Here are four takeaways from the loss.
1. Maryland’s zone gave Illinois fits.
Coaches often are vague when providing reasons for a result. Not so on Friday. Maryland coach Mark Turgeon and Illinois coach Brad Underwood were clear.
“The zone changed it for us,” Turgeon said.
The Terrapins had shown its 1-3-1 zone on only one possession this season, against Indiana. When Illinois’ hottest shooter, Trent Frazier, went to the bench with two fouls with 12 minutes, 12 seconds left in the first half, Maryland saw it as an invitation.
“We got back in the game and made some shots, and it gave us confidence,” Turgeon said.
The decision also highlighted Frazier’s importance to Illinois. The Illini led 24-12 when he was substituted out of the game and went into halftime leading only 42-40.
“You look for stats when they play well and when they don’t play well,” Turgeon said while making a point about Frazier’s impact. “We can’t leave that kid. We can’t let him get going. He’s dynamic. He can get going. He’s the one guy who can get going on 3 for them.”
Illinois also had struggled against Iowa’s zone in Sunday’s road loss.
Against Maryland, the Illini’s foul trouble forced them into some unusual lineups, which Underwood said was the biggest issue.
Underwood said he wasn’t worried about sitting Frazier because Illinois was in control of the game. He added, “It’s something we might think about differently now.”
2. The Illini can’t freeze.
The troublesome Maryland zone caused Illinois’ lead to evaporate even more after halftime.
The Illini missed their first 12 shots of the second half and went eight minutes without scoring a field goal to fall behind 53-44.
It was like watching a cold front move in after a sizzling summer day.
The Illini scored at a blistering rate to start the game, revving up the crowd with 29 points in the first nine minutes for a 29-15 lead.
They shot only 25.9% in the second half and 36.1% for the game. They made only 2 of 9 3-pointers after halftime.
3. Illinois can’t whiff at the free throw line.
Underwood correctly compared the Illini’s missed free throws to turnovers.
Illinois made only 14 of 24 free throws, while the Terrapins made 13 of 15. That’s 10 points they coughed up.
“You can’t miss free throws against the eighth-best team in the nation,” Underwood said. “Those are momentum plays.”
He said it takes a certain level of concentration for players to make free throws.
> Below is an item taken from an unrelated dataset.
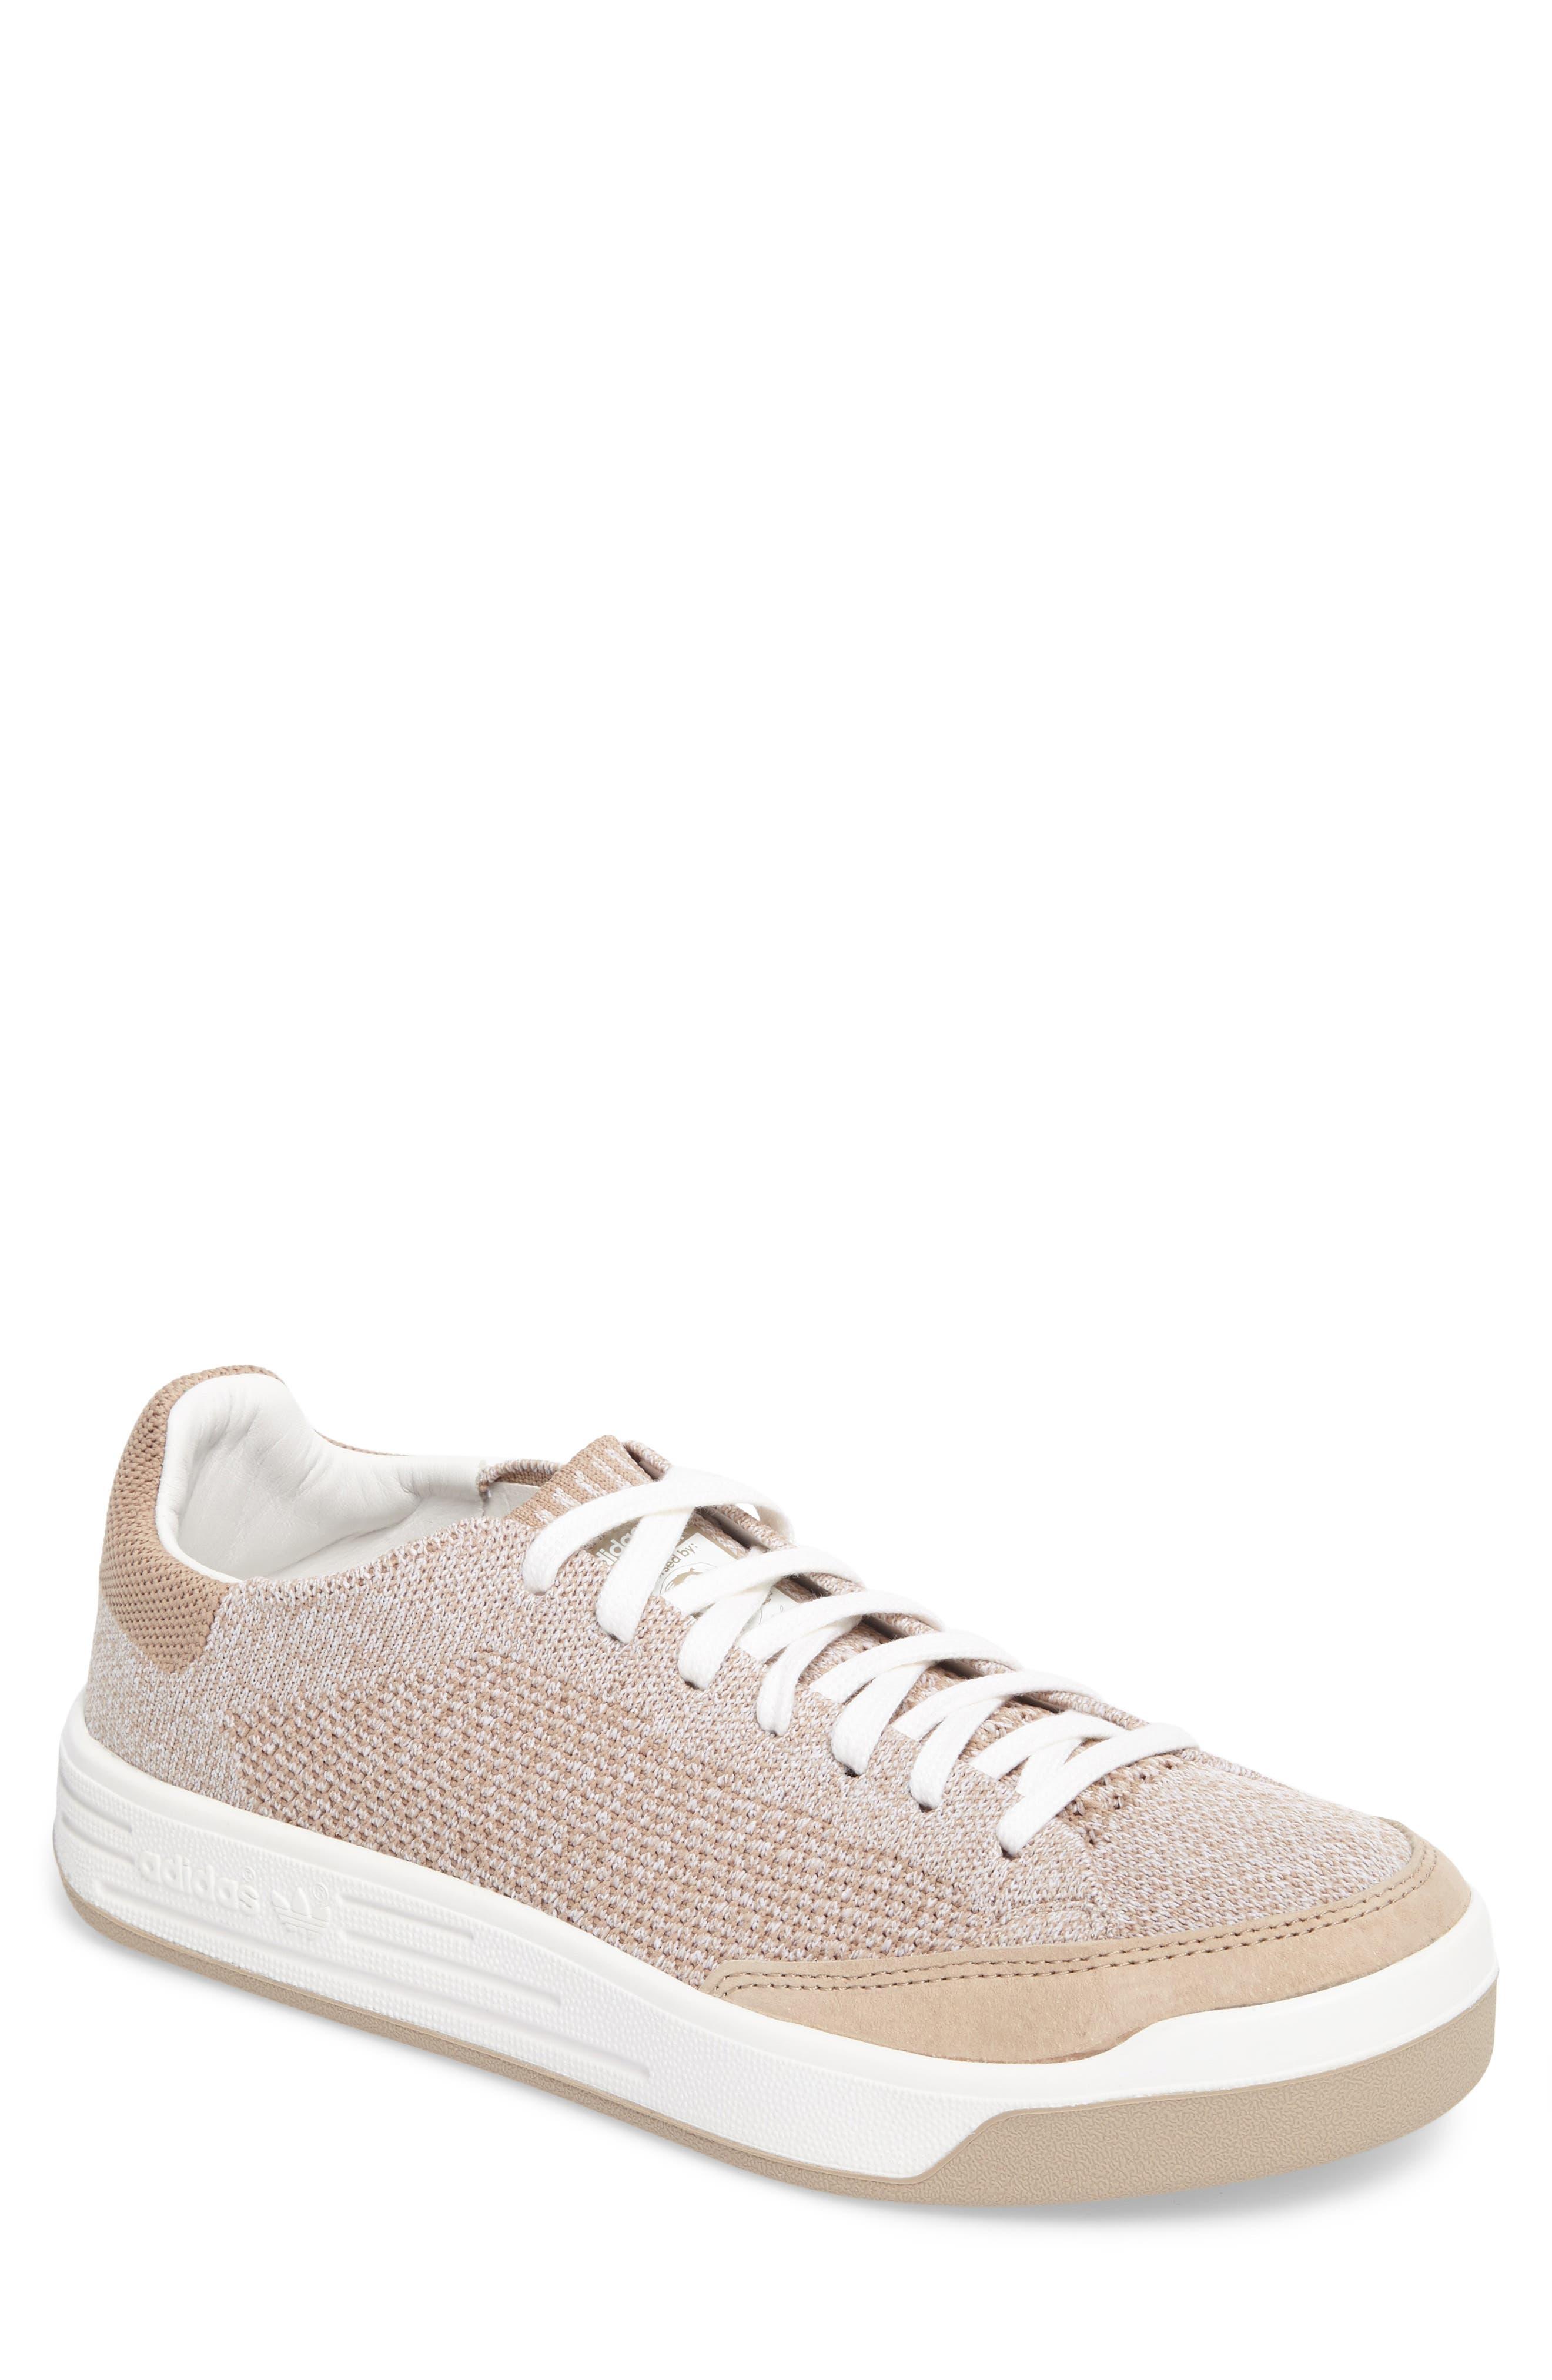 adidas Rod Laver Super Primeknit Sneaker (Men)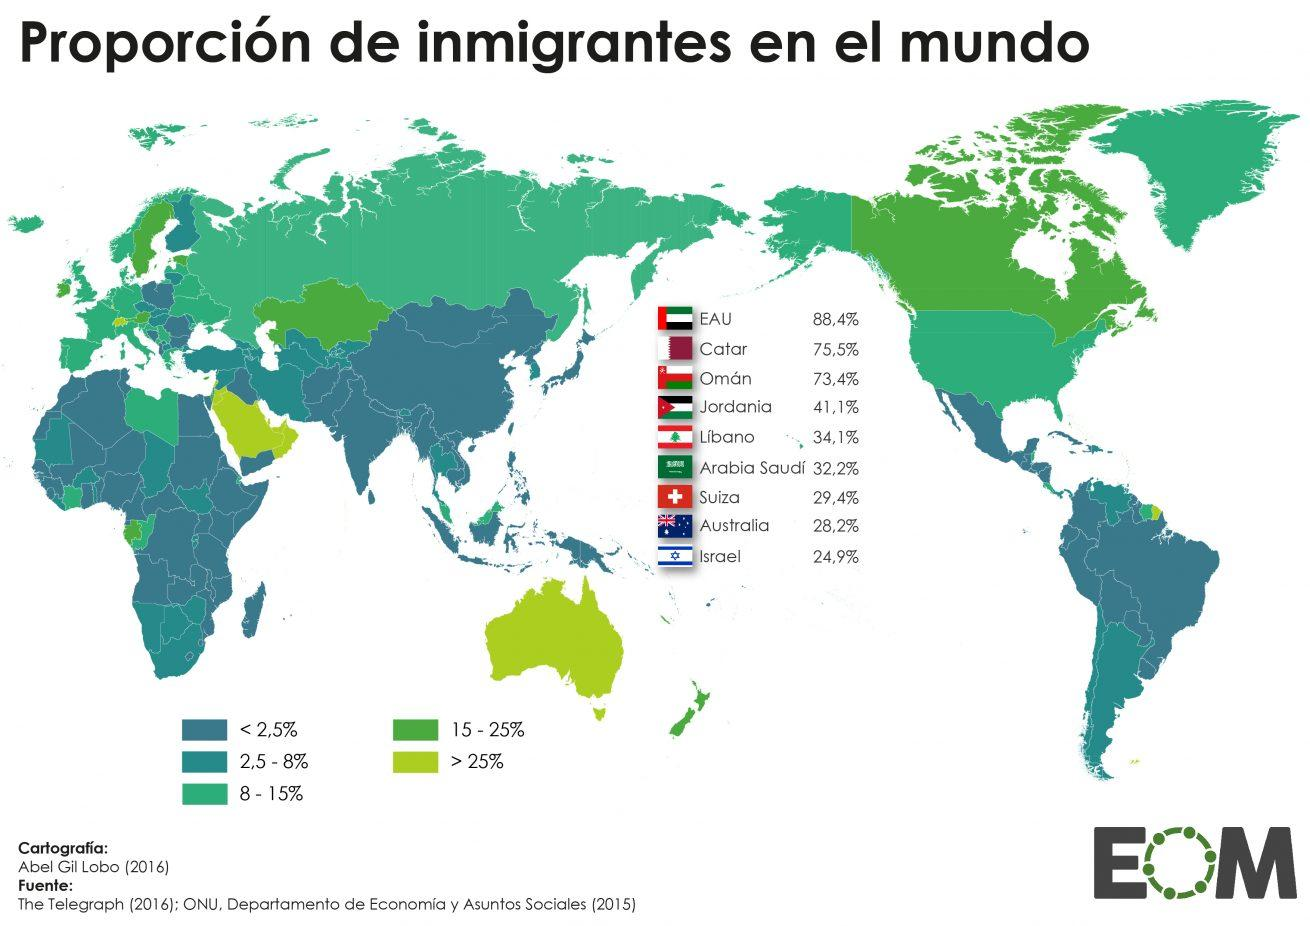 https://elordenmundial.com/wp-content/uploads/2018/05/Mundo-Poblaci%C3%B3n-Inmigraci%C3%B3n-Mapa-01-1310x926.jpg

Clearly the Illini were lacking at the line.
Giorgi Bezhanishvili missed all four of his free-throw attempts. He has made only 8 of 14 (57.1%) in Big Ten play. Kofi Cockburn made 7 of 10.
The Illini have three players who shoot worse than 70% at the line: Cockburn at 68.1%, Bezhanishvili at 64.4% and 65.4% from Kipper Nichols. They came into the game averaging 74% as a team but shot 58% against the Terps.
4. Pressure is building on Illinois.
This five-game stretch has long stood out on Illinois’ schedule.
An eight-game stretch has long stood out as the toughest part of Illinois’ schedule. They won the first three, at Purdue and Michigan and at home against Minnesota, but have dropped their last two at Iowa and at home against Maryland.
Illinois and the Terrapins came into the game tied for first place in the Big Ten. Now Maryland stands alone in first place with the Illini tied for second with their next opponent, Michigan State.
The glass-half-full perspective looks at Tuesday’s game in Champaign against the No. 11 Spartans as an opportunity to regain footing and avoid losing all the feel-good vibes from its strong start to conference play that included a seven-game winning streak that preceded the Iowa loss.
The Illini conclude the stretch with a week on the road at Rutgers and No. 22 Penn State.
A two-game losing streak is bearable. But is a longer losing streak?
The end goal for Illinois is still a strong seed for the Big Ten Tournament and an NCAA Tournament appearance, goals that are still well within reach.
Illinois’ DeMonte Williams shoots a 3-pointer against Maryland on Friday in Champaign.